§ What you should do
An exact reproduction of the data below is the required answer.

§ Information provided
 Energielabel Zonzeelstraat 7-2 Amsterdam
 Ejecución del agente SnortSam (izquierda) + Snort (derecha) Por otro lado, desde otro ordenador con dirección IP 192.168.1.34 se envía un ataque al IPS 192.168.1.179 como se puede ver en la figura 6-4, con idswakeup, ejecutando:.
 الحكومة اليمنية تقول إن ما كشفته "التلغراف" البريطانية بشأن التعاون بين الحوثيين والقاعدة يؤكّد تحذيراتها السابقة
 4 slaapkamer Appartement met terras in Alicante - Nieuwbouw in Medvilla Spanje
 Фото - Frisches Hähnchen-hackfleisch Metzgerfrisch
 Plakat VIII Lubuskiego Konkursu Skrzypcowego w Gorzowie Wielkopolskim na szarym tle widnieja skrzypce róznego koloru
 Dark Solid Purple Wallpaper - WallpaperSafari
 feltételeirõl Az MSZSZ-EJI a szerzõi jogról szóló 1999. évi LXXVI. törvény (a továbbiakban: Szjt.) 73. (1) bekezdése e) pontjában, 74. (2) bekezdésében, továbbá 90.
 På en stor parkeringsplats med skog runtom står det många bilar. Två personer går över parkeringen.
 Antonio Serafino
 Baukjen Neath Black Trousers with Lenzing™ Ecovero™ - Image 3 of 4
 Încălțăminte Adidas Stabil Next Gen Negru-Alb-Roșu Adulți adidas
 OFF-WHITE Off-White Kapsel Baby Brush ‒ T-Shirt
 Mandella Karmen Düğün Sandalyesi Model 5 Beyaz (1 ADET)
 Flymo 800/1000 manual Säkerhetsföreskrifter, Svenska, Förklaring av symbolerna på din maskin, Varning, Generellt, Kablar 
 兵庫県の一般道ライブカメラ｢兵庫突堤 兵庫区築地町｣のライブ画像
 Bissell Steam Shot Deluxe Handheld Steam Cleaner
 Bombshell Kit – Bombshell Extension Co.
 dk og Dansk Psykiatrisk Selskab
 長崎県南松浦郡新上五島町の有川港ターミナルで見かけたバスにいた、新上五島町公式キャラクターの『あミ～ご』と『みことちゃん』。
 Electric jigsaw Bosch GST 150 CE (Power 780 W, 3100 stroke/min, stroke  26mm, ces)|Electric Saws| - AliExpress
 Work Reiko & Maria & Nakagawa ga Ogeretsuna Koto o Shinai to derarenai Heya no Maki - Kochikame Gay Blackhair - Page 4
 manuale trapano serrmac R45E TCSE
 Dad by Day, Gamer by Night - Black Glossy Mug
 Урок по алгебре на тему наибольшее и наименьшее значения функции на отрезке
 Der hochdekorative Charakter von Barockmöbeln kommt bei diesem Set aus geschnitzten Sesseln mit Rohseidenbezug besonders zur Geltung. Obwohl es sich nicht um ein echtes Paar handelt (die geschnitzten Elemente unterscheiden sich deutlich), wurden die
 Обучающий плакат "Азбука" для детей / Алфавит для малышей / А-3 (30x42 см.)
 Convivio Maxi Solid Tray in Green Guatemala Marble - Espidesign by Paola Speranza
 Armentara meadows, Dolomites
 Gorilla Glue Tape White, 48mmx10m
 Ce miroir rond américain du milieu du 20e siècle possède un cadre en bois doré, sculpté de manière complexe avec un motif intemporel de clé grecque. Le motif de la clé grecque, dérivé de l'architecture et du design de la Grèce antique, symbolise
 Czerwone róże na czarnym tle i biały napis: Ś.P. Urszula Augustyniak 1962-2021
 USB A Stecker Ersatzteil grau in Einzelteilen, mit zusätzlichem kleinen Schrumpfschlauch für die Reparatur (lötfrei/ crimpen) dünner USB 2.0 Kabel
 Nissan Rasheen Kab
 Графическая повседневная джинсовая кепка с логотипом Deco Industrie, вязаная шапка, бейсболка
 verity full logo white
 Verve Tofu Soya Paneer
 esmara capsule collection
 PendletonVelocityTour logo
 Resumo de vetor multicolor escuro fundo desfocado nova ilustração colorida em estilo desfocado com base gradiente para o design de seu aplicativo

§ Written answer
 Energielabel Zonzeelstraat 7-2 Amsterdam
 Ejecución del agente SnortSam (izquierda) + Snort (derecha) Por otro lado, desde otro ordenador con dirección IP 192.168.1.34 se envía un ataque al IPS 192.168.1.179 como se puede ver en la figura 6-4, con idswakeup, ejecutando:.
 الحكومة اليمنية تقول إن ما كشفته "التلغراف" البريطانية بشأن التعاون بين الحوثيين والقاعدة يؤكّد تحذيراتها السابقة
 4 slaapkamer Appartement met terras in Alicante - Nieuwbouw in Medvilla Spanje
 Фото - Frisches Hähnchen-hackfleisch Metzgerfrisch
 Plakat VIII Lubuskiego Konkursu Skrzypcowego w Gorzowie Wielkopolskim na szarym tle widnieja skrzypce róznego koloru
 Dark Solid Purple Wallpaper - WallpaperSafari
 feltételeirõl Az MSZSZ-EJI a szerzõi jogról szóló 1999. évi LXXVI. törvény (a továbbiakban: Szjt.) 73. (1) bekezdése e) pontjában, 74. (2) bekezdésében, továbbá 90.
 På en stor parkeringsplats med skog runtom står det många bilar. Två personer går över parkeringen.
 Antonio Serafino
 Baukjen Neath Black Trousers with Lenzing™ Ecovero™ - Image 3 of 4
 Încălțăminte Adidas Stabil Next Gen Negru-Alb-Roșu Adulți adidas
 OFF-WHITE Off-White Kapsel Baby Brush ‒ T-Shirt
 Mandella Karmen Düğün Sandalyesi Model 5 Beyaz (1 ADET)
 Flymo 800/1000 manual Säkerhetsföreskrifter, Svenska, Förklaring av symbolerna på din maskin, Varning, Generellt, Kablar 
 兵庫県の一般道ライブカメラ｢兵庫突堤 兵庫区築地町｣のライブ画像
 Bissell Steam Shot Deluxe Handheld Steam Cleaner
 Bombshell Kit – Bombshell Extension Co.
 dk og Dansk Psykiatrisk Selskab
 長崎県南松浦郡新上五島町の有川港ターミナルで見かけたバスにいた、新上五島町公式キャラクターの『あミ～ご』と『みことちゃん』。
 Electric jigsaw Bosch GST 150 CE (Power 780 W, 3100 stroke/min, stroke  26mm, ces)|Electric Saws| - AliExpress
 Work Reiko & Maria & Nakagawa ga Ogeretsuna Koto o Shinai to derarenai Heya no Maki - Kochikame Gay Blackhair - Page 4
 manuale trapano serrmac R45E TCSE
 Dad by Day, Gamer by Night - Black Glossy Mug
 Урок по алгебре на тему наибольшее и наименьшее значения функции на отрезке
 Der hochdekorative Charakter von Barockmöbeln kommt bei diesem Set aus geschnitzten Sesseln mit Rohseidenbezug besonders zur Geltung. Obwohl es sich nicht um ein echtes Paar handelt (die geschnitzten Elemente unterscheiden sich deutlich), wurden die
 Обучающий плакат "Азбука" для детей / Алфавит для малышей / А-3 (30x42 см.)
 Convivio Maxi Solid Tray in Green Guatemala Marble - Espidesign by Paola Speranza
 Armentara meadows, Dolomites
 Gorilla Glue Tape White, 48mmx10m
 Ce miroir rond américain du milieu du 20e siècle possède un cadre en bois doré, sculpté de manière complexe avec un motif intemporel de clé grecque. Le motif de la clé grecque, dérivé de l'architecture et du design de la Grèce antique, symbolise
 Czerwone róże na czarnym tle i biały napis: Ś.P. Urszula Augustyniak 1962-2021
 USB A Stecker Ersatzteil grau in Einzelteilen, mit zusätzlichem kleinen Schrumpfschlauch für die Reparatur (lötfrei/ crimpen) dünner USB 2.0 Kabel
 Nissan Rasheen Kab
 Графическая повседневная джинсовая кепка с логотипом Deco Industrie, вязаная шапка, бейсболка
 verity full logo white
 Verve Tofu Soya Paneer
 esmara capsule collection
 PendletonVelocityTour logo
 Resumo de vetor multicolor escuro fundo desfocado nova ilustração colorida em estilo desfocado com base gradiente para o design de seu aplicativo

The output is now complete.